Let’s get back to the CPU C++ implementation. I want to try SIMD and similar stuffs now!
Warning: I don’t have much (any?) actual experience with SIMD programming. I know conceptually what it is, have written a tiny bit of SIMD assembly/intrinsics code in my life, but nothing that I could say I “know” or even “have a clue” about it. So whatever I do next, might be completely stupid! This is a learning exercise for me too! You’ve been warned.
SIMD, what’s that?
SIMD is for “Single instruction, multiple data”, and the first sentence about it on Wikipedia says “a class of parallel computers in Flynn’s taxonomy” which is, errr, not that useful as an introduction :) Basically SIMD can be viewed as CPU instructions that do “operation” on a bunch of “items” at once. For example, “take these 4 numbers, add these other 4 numbers to them, and get a 4-number result”.
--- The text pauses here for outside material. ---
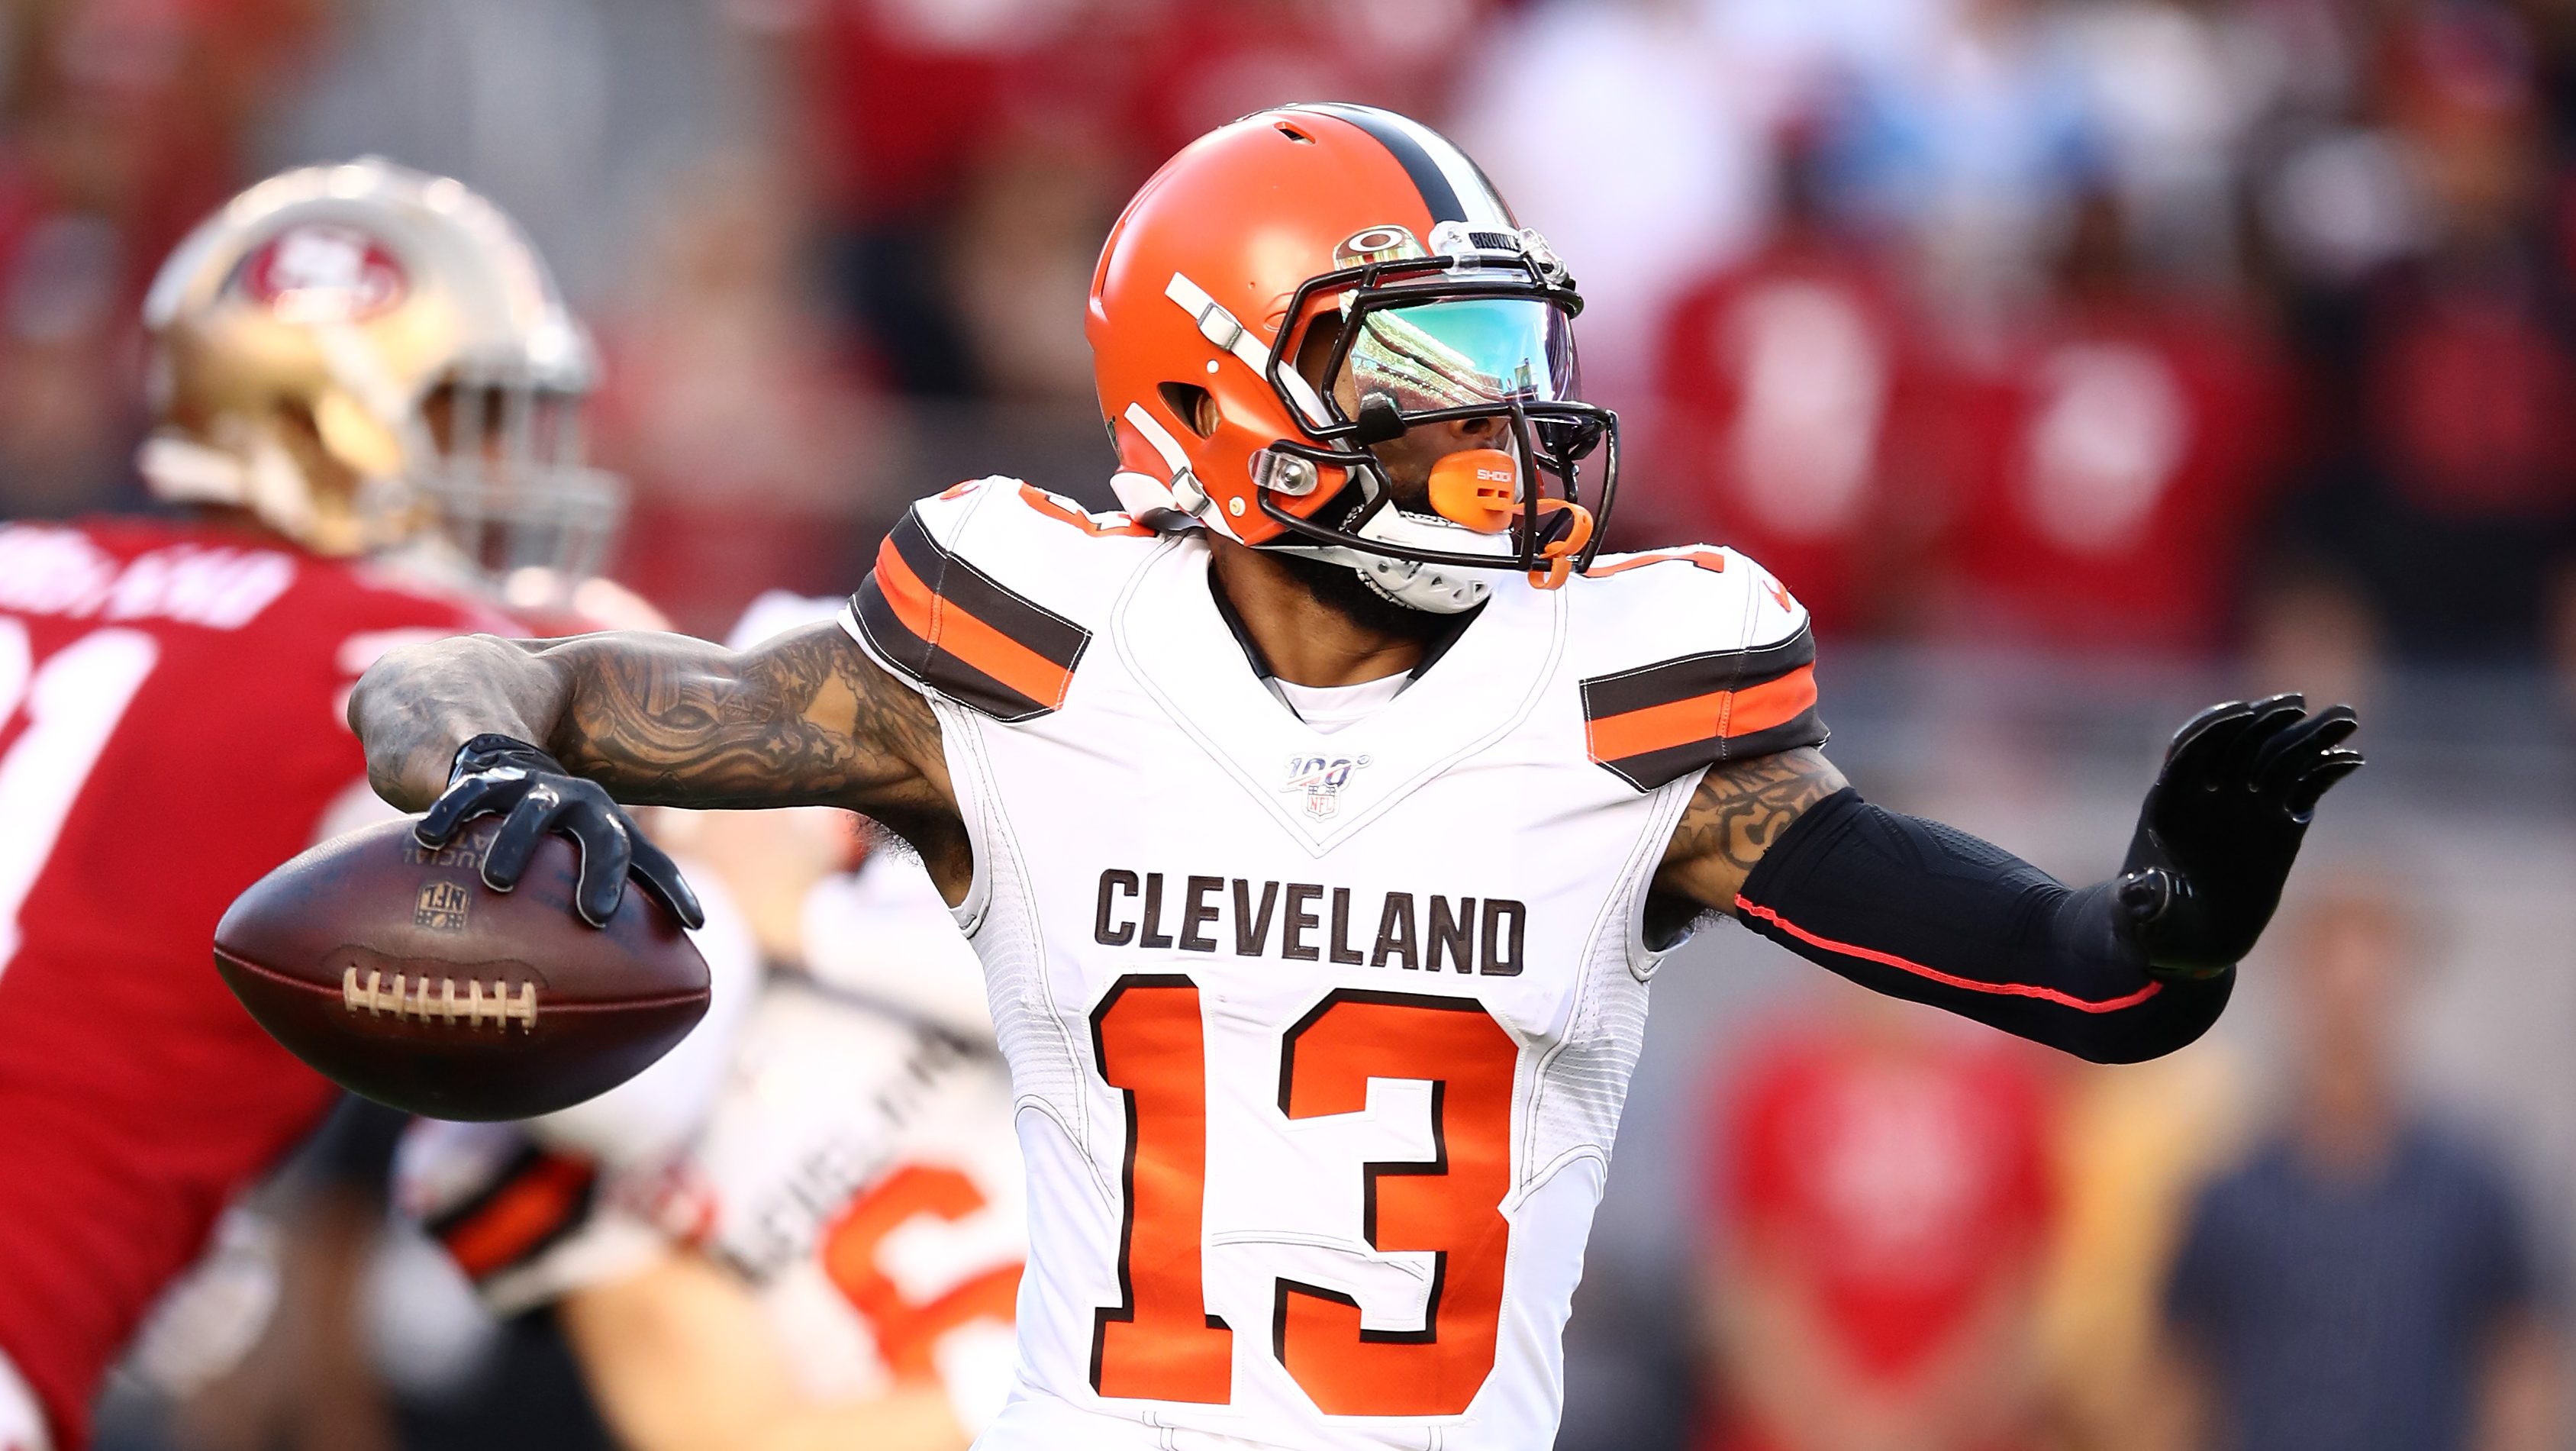 Odell Beckham Jr. is heading to the Browns

Different CPUs have had a whole bunch of different SIMD instruction sets over the years, and the most common today are:
- SSE for x86 (Intel/AMD) CPUs.
- SSE2 can be pretty much assumed to be “everywhere”; it’s been in Intel CPUs since 2001 and AMD CPUs since 2003.
- There are later SSE versions (SSE3, SSE4 etc.), and then later on there’s AVX too.
- NEON for ARM (“almost everything mobile”) CPUs.
It’s often said that “graphics” or “multimedia” is an area where SIMD is extremely beneficial, so let’s see how or if that applies to our toy path tracer.
Baby’s first SIMD: SSE for the vector class
The first thing that almost everyone immediately notices is “hey, I have this 3D vector class, let’s make
that use SIMD”. This seems to also be taught as “that’s what SIMD is for” at many universities.
In our case, we have a float3
struct
with three numbers in it, and a bunch of operations (addition, multiplication etc.) do the same thing on
all of them.
Spoiler alert: this isn’t a very good approach. I know that, but I also meet quite many people who don’t, for some reason. See for example this old post “The Ubiquitous SSE vector class: Debunking a common myth” by Fabian Giesen.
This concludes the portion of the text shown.